Martin v. Loewis that if Mark appended the L to his constants that it would not work for an i argument for PyArg_ParseTuple(). But Guido stepped up and said that there will be no issue since Python will be changed so that Mark's code will accept the constant as a positive long. This caused Guido to wonder if the warning could be changed to some other warning that is not normally printed out.

Guido then mentioned that he has "long promised a set of new format codes for PyArg_ParseTuple() to specify taking the lower N bits (for N in 8, 16, 32, 64) and throwing the rest away, without range checks". "If someone else can get to this first, that would be great". So someone be nice to Guido and do this for him. =)

Either way no specific resolution has been reached. As of right now you can just live with the warnings, supress the warnings, or change your constants to longs and hope you are not passing into a C extension function that wants an int.

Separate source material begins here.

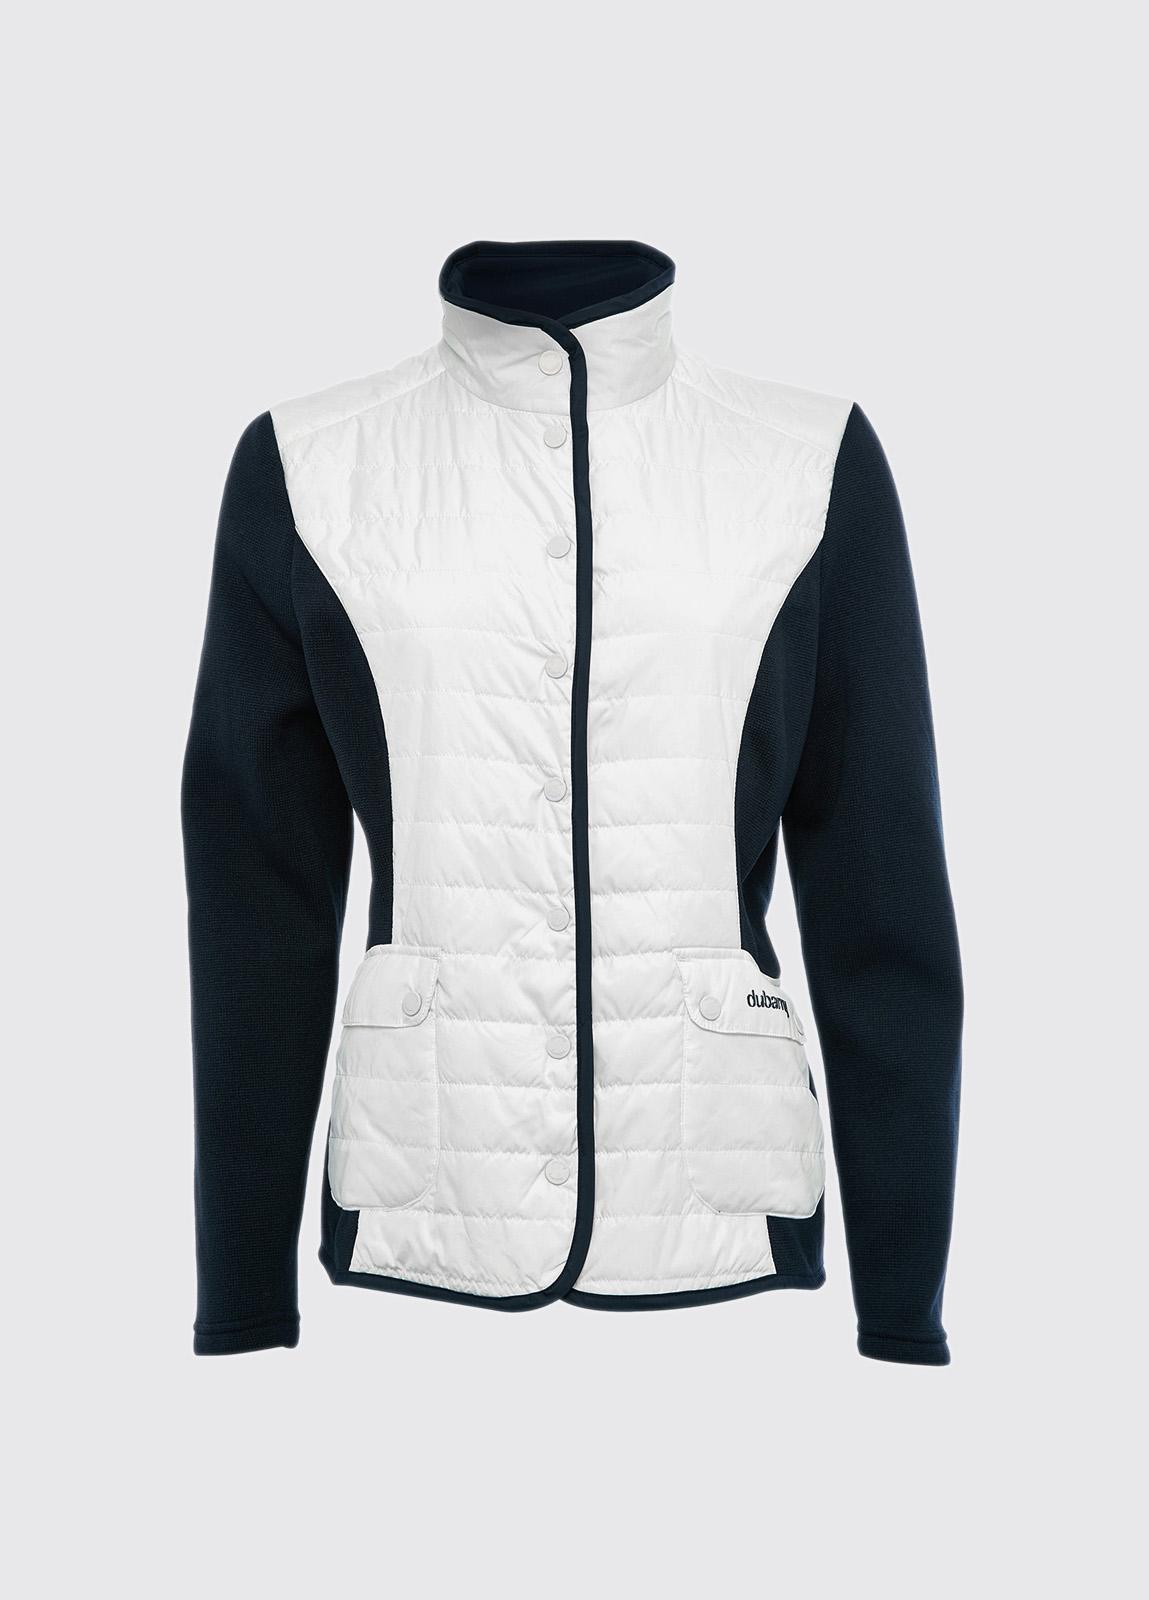 Terryglass jacket - S-W Multi

assigning to new-style-class.__name__

Michael Hudson has been working on patch #635933 to allow for assignment to __name__ and __bases__ for new-style classes (this was all so that __name__ would handle nested classes properly to allow for proper pickling; that thread was called metaclass insanity ). He ran into a slight issue with dealing with assigning to __name__. To get it working, Michael wanted to treat heap and non-heap types differently. For non-heap types Michael wanted to "everything in tp_name up to the first dot is __module__, the rest is __name__". For non-heap types, he wanted to have __module__ as "always __dict__['__module__'], __name__ is always tp_name (or rather ((etype*)type)->name)". And as for the issue of if someone is crazy enough to delete the dict key of __module__, Michael said Python wouldn't crash but you probably would not like the outcome of running code. =)

Guido responded saying that Michael's proposal was acceptable.

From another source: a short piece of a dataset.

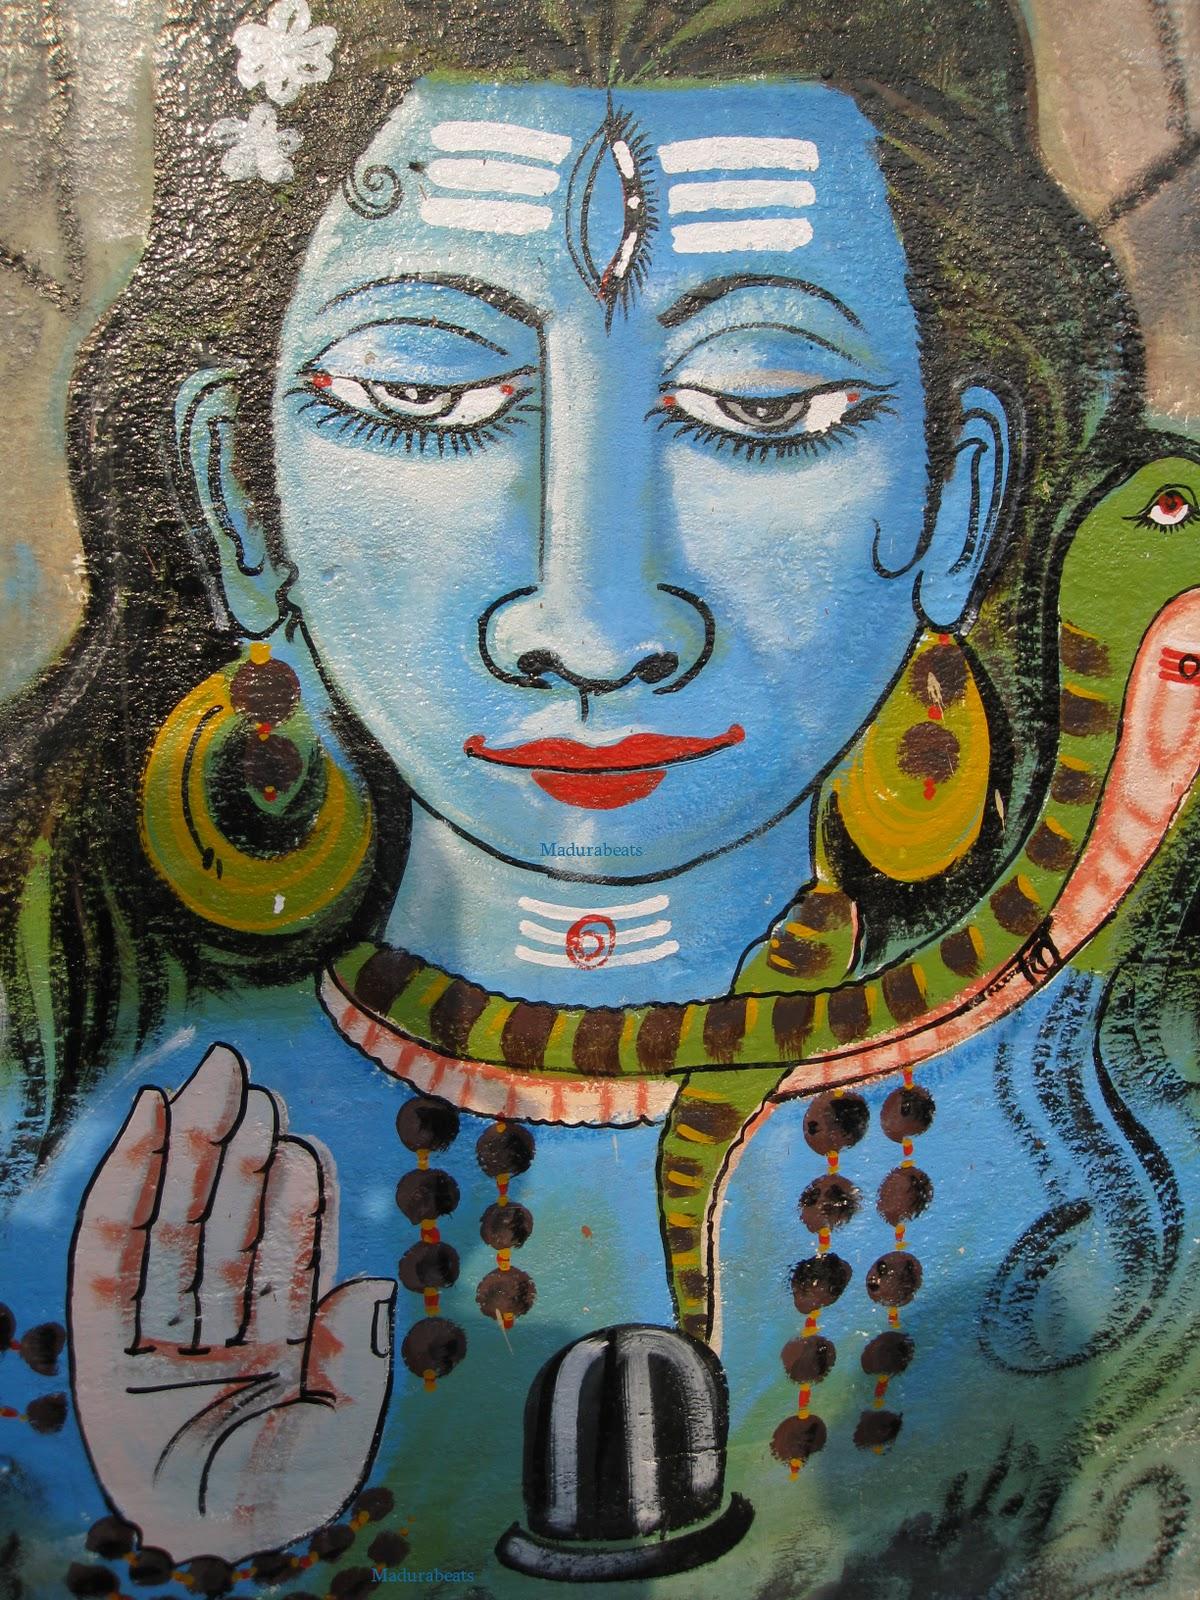 http://3.bp.blogspot.com/_z4BcYVnVAso/TP4mjf7vicI/AAAAAAAAAtA/mi0nJSZqnCs/s1600/lord-Shiva-painting.jpg

But then there was an issue with .mro() after the bases had been rearranged. Michael worried about what to do when there was a conflict down the intheritence tree. He thought reverting back to the way things were if there was an issue was best. This would require keeping around copies of the previous states until the changes propogated all the way through.

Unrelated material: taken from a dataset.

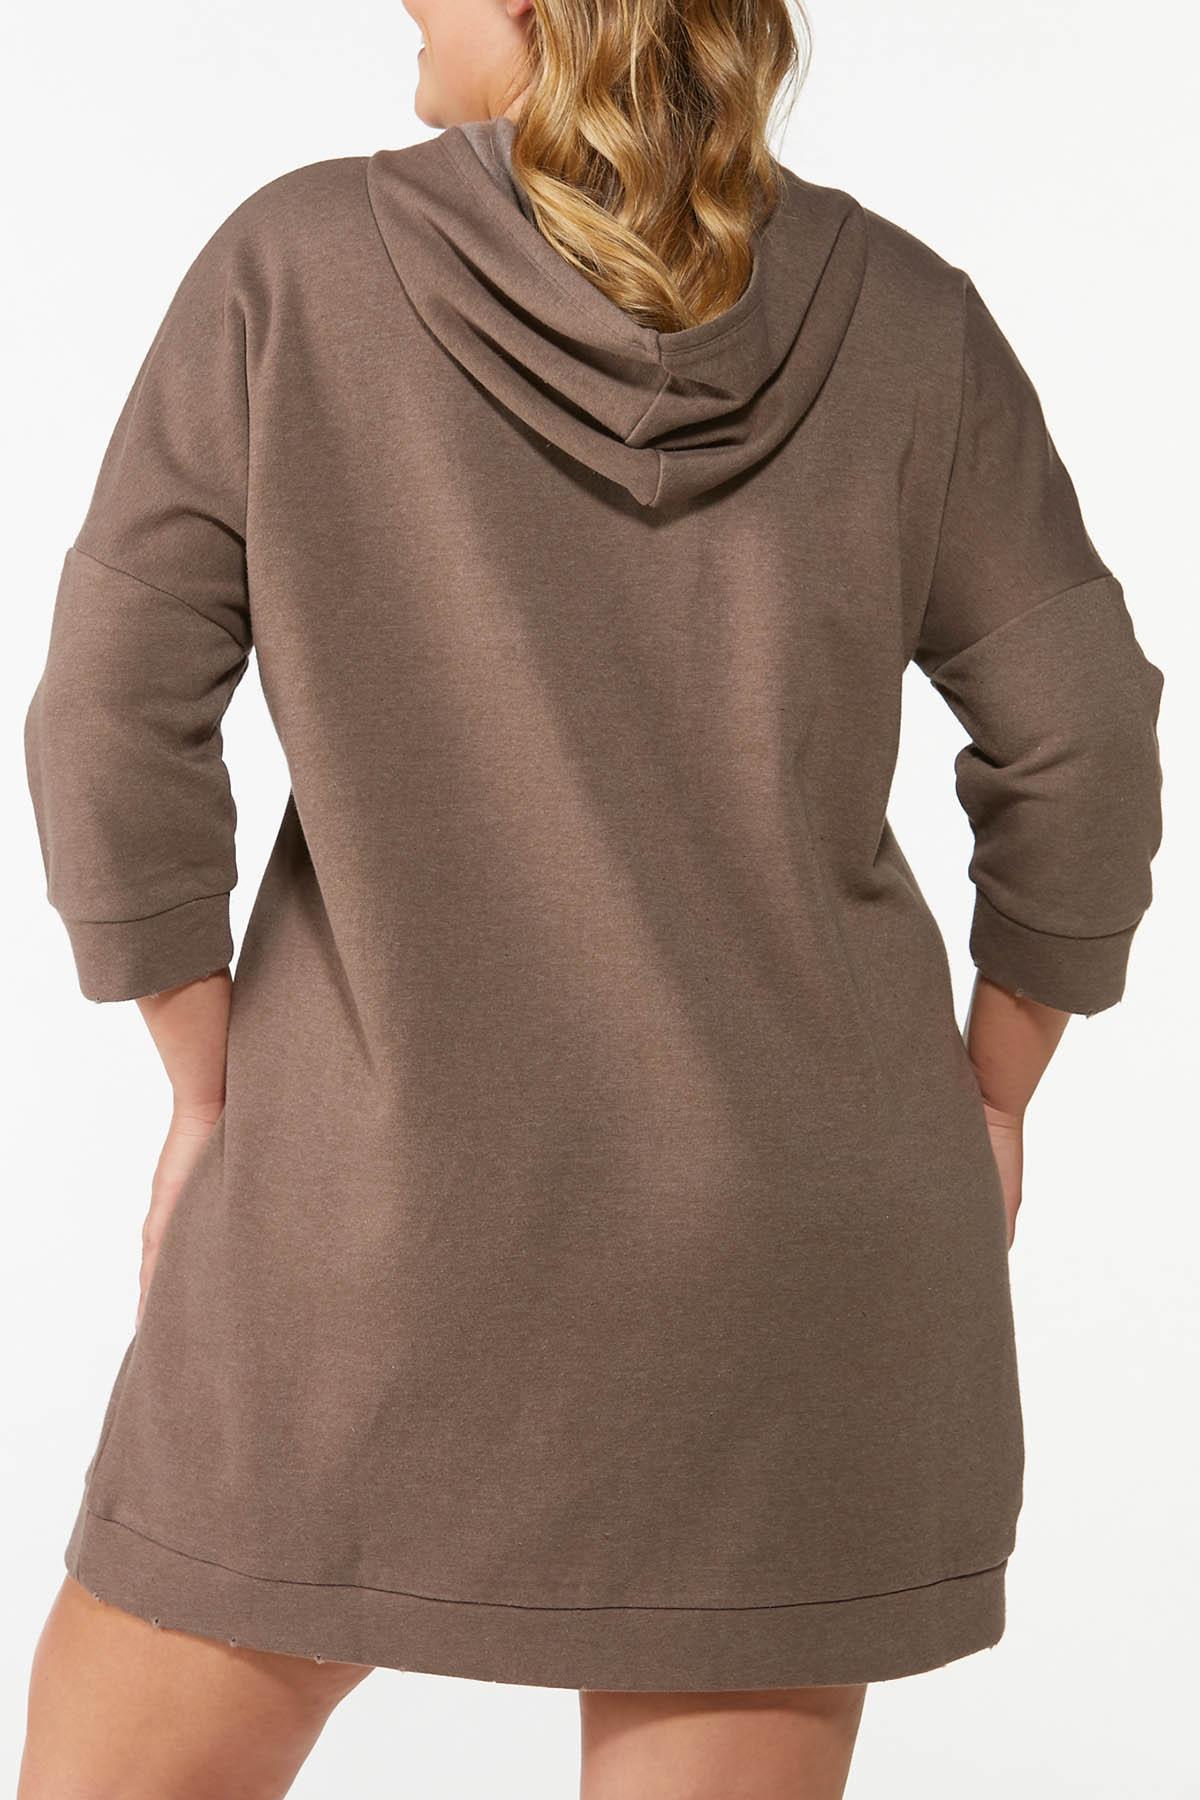 Plus Size Hooded Sweatshirt Dress (Item #44675669)

Samuele Pedroni stepped in to try to answer this question (Samuele rewrote the MRO code recently and is directly mentioned in C3 implementation ). He came up with a possible case where there could be a possible order disagreement if two of the bases of a class had the same bases but one had the order swapped compared to the other (so C has bases of (A, B) and D has bases of (A, B) as well and E had bases (C, D); if C's bases became (B, A), E now has an order disagreement). He suggested that "the mros of the subclasses should be computed lazily when needed (e.g. on the first - after the changes - dispatch), although this may produce inconsistences and errors at odd times".

Michael showed that his solution would catch the problem. But he did not like the idea of lazily evaluating; he wanted a more restrictive solution since this is a new thing. Michael stated that what he wanted this for was to "to swap out one class for another -- making instances of the old class instances of the new class, which was possible and making subclasses of the old subclasses of the new, which wasn't". It also turned out neither APL nor Dylan allow this kind of thing so Michael is breaking new ground.

Samuele asked about when the classes had solid bases (i.e., only a single superclass such as object). Michael said it would handled with no problem.

Classmethod Help

Raymond Hettinger emailed the list because Guido said that the few people in the world who understand descriptors for C code are on the list. The main reason I am mentioning the thread here, though, is because Armin Rigo gave the answer that "There are METH_CLASS and METH_STATIC flags that you can set in the tp_methods table".

You also learn, thanks to Guido, that you should only use PyErr_BadInternalCall() when you know that a "bad argment must have been created by a broken piece of C code".